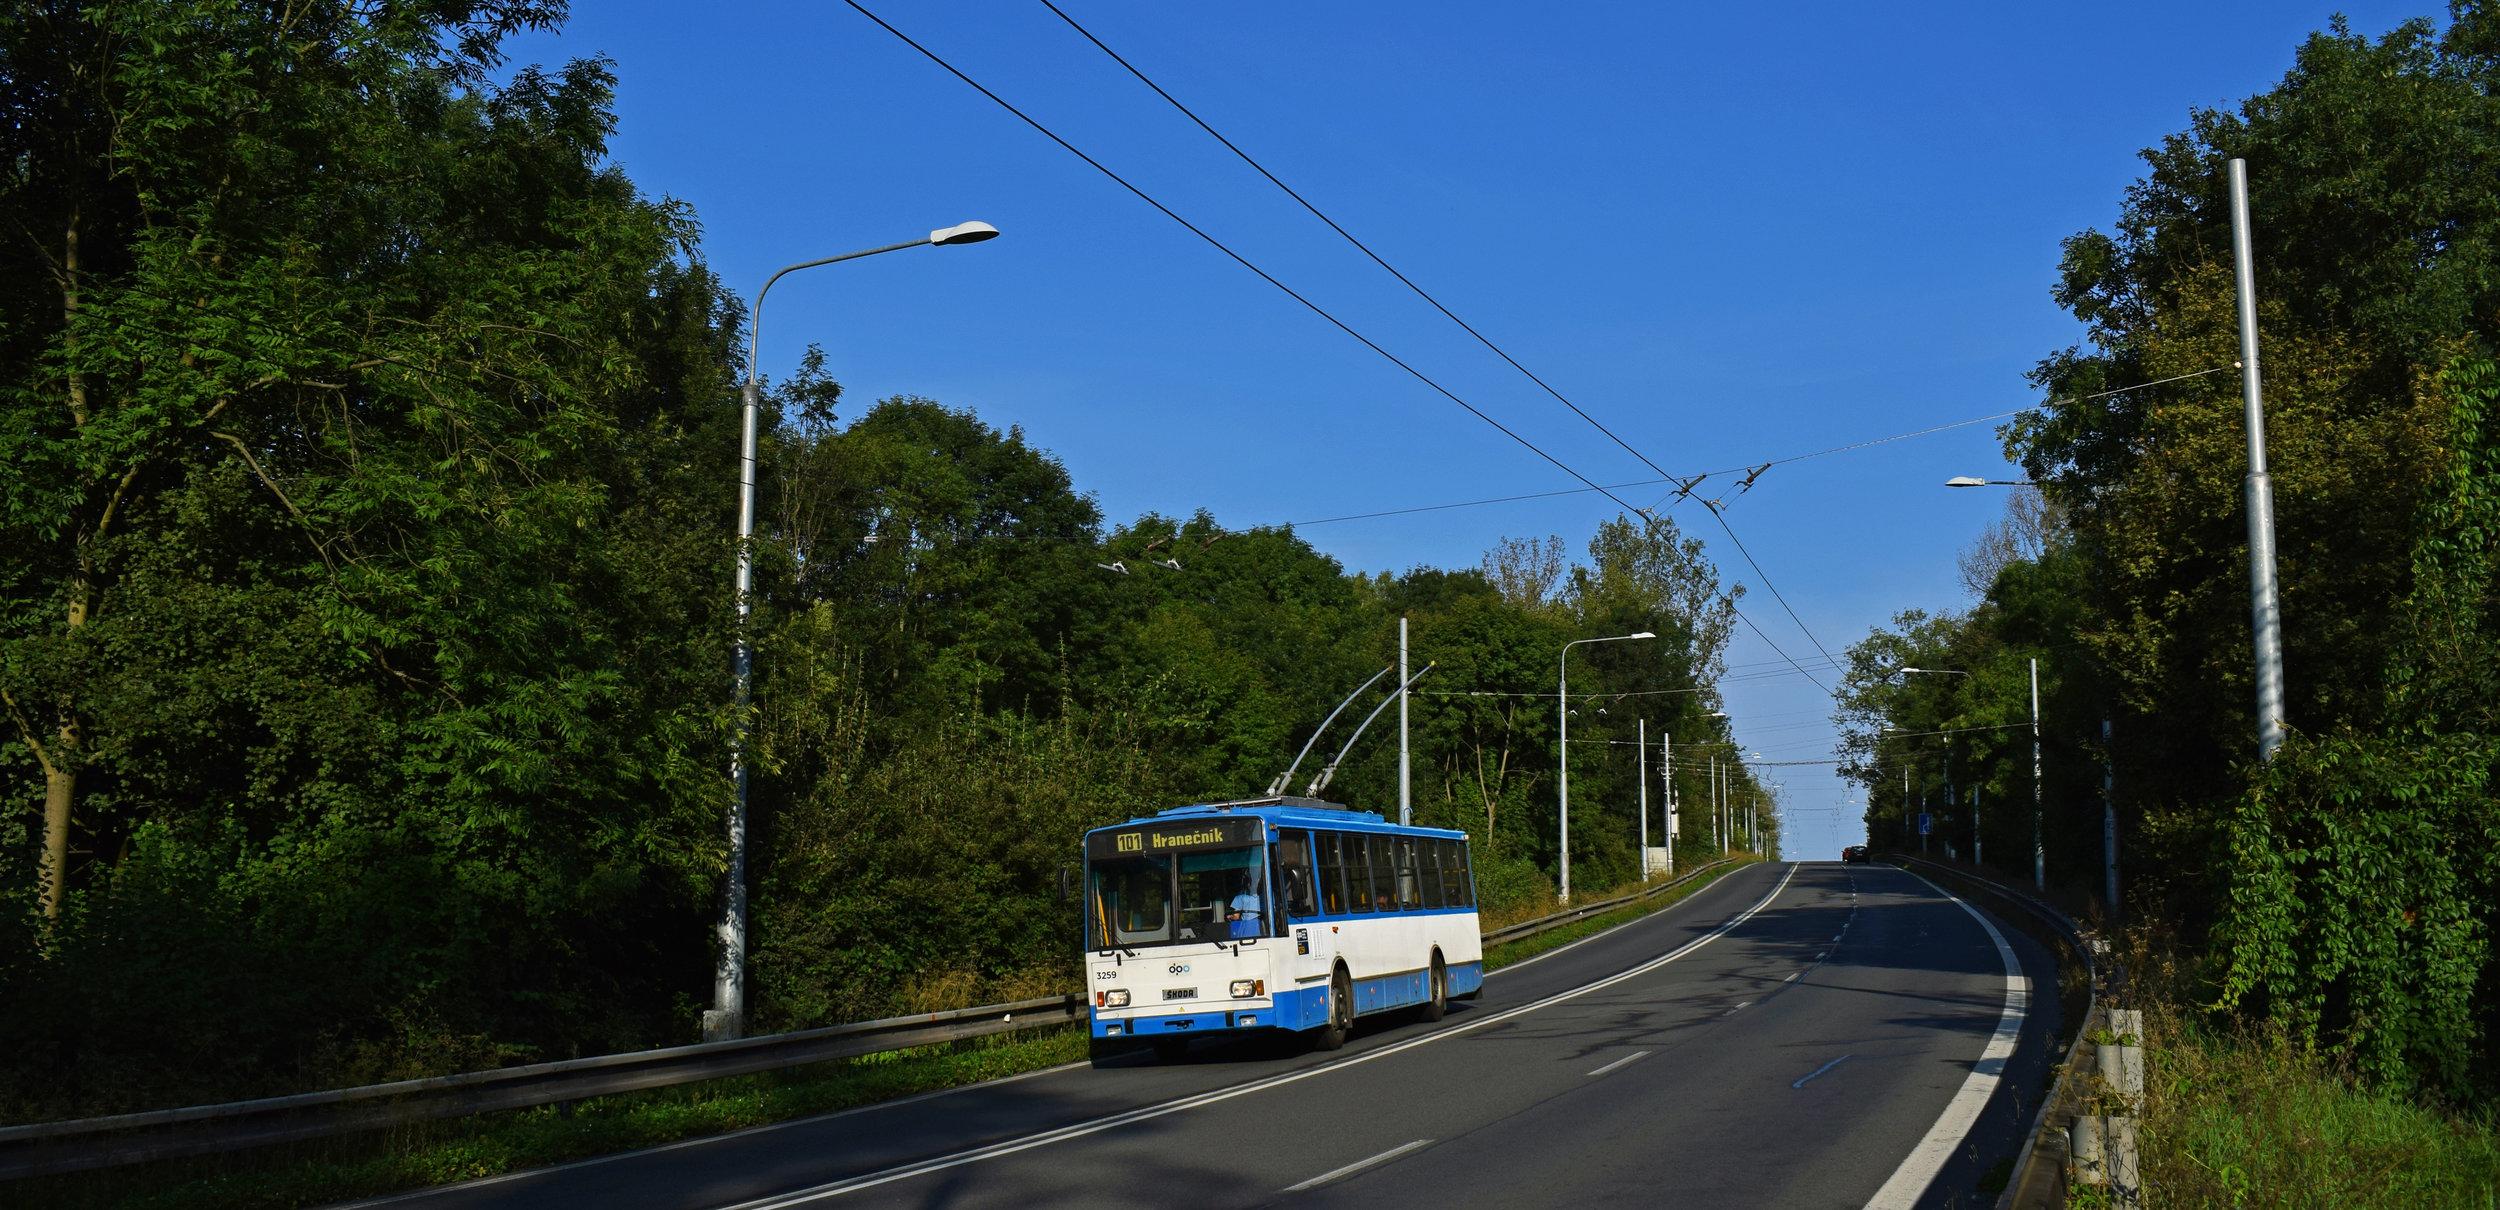 Trolejbus na zatím posledním otevřeném úseku na Hranečník dne 9. 9. 2017. Dočká se ostravská trolejbusová síť dalšího rozšiřování? (foto: Petr Bystroň)
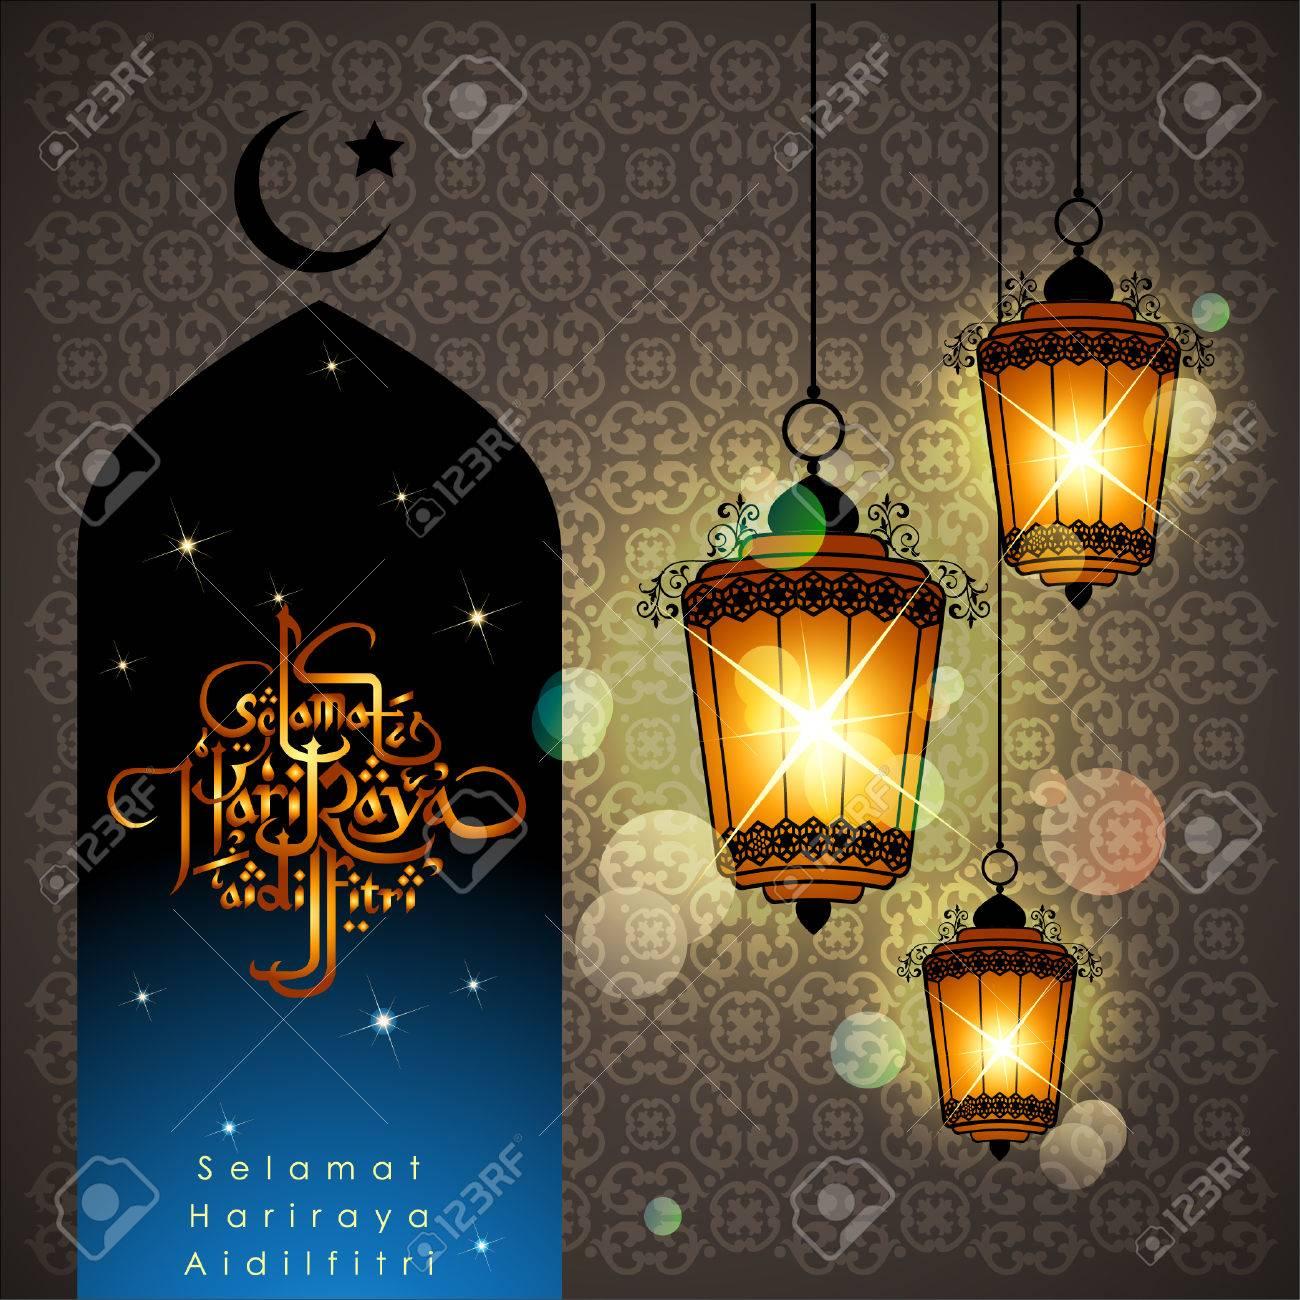 Wonderful Hari Raya Eid Al-Fitr Food - 38307885-aidilfitri-graphic-design-selama-t-hari-raya-aidilfitri-literally-means-feast-of-eid-al-fitr-with-il  Photograph_179758 .jpg
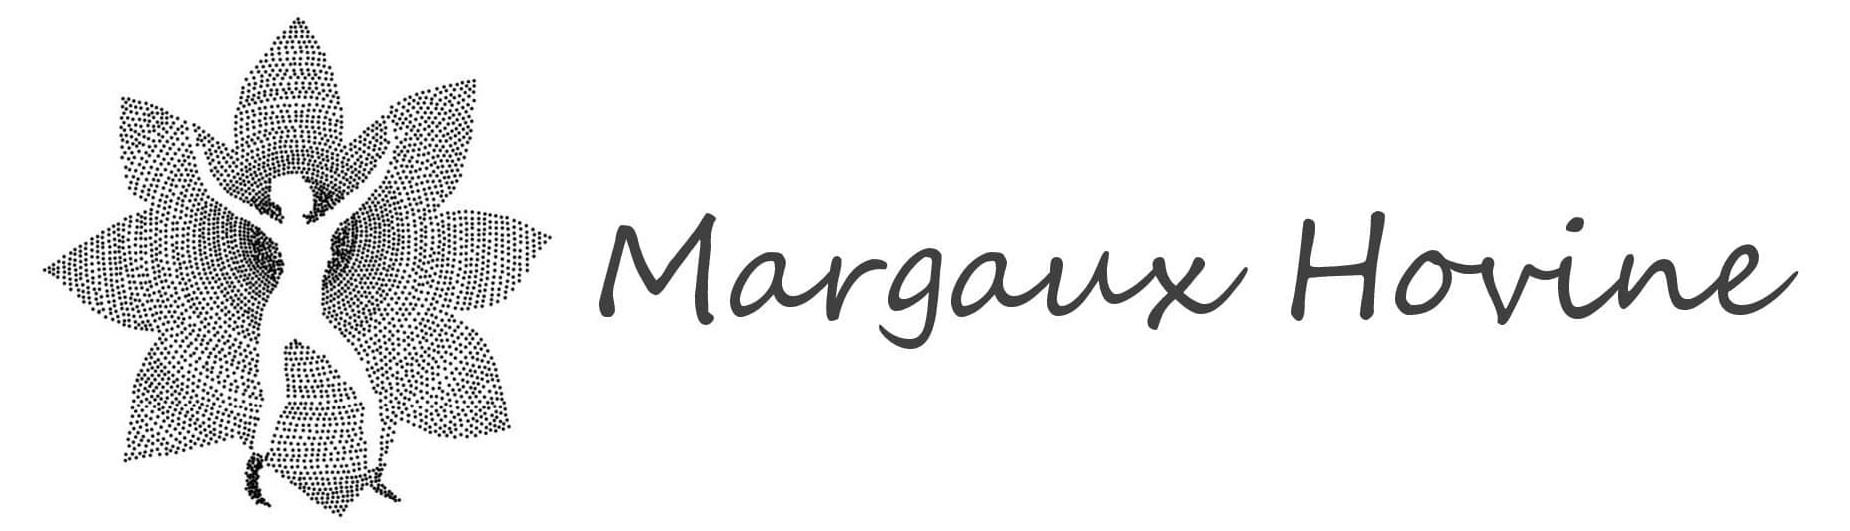 Margaux Hovine

- **WHAT IS EXPECTED**
The response should reproduce all the material above exactly and leave out its pictures.

- **SOLUTION**
 Trolejbus na zatím posledním otevřeném úseku na Hranečník dne 9. 9. 2017. Dočká se ostravská trolejbusová síť dalšího rozšiřování? (foto: Petr Bystroň)
 Wonderful Hari Raya Eid Al-Fitr Food - 38307885-aidilfitri-graphic-design-selama-t-hari-raya-aidilfitri-literally-means-feast-of-eid-al-fitr-with-il  Photograph_179758 .jpg
 Margaux Hovine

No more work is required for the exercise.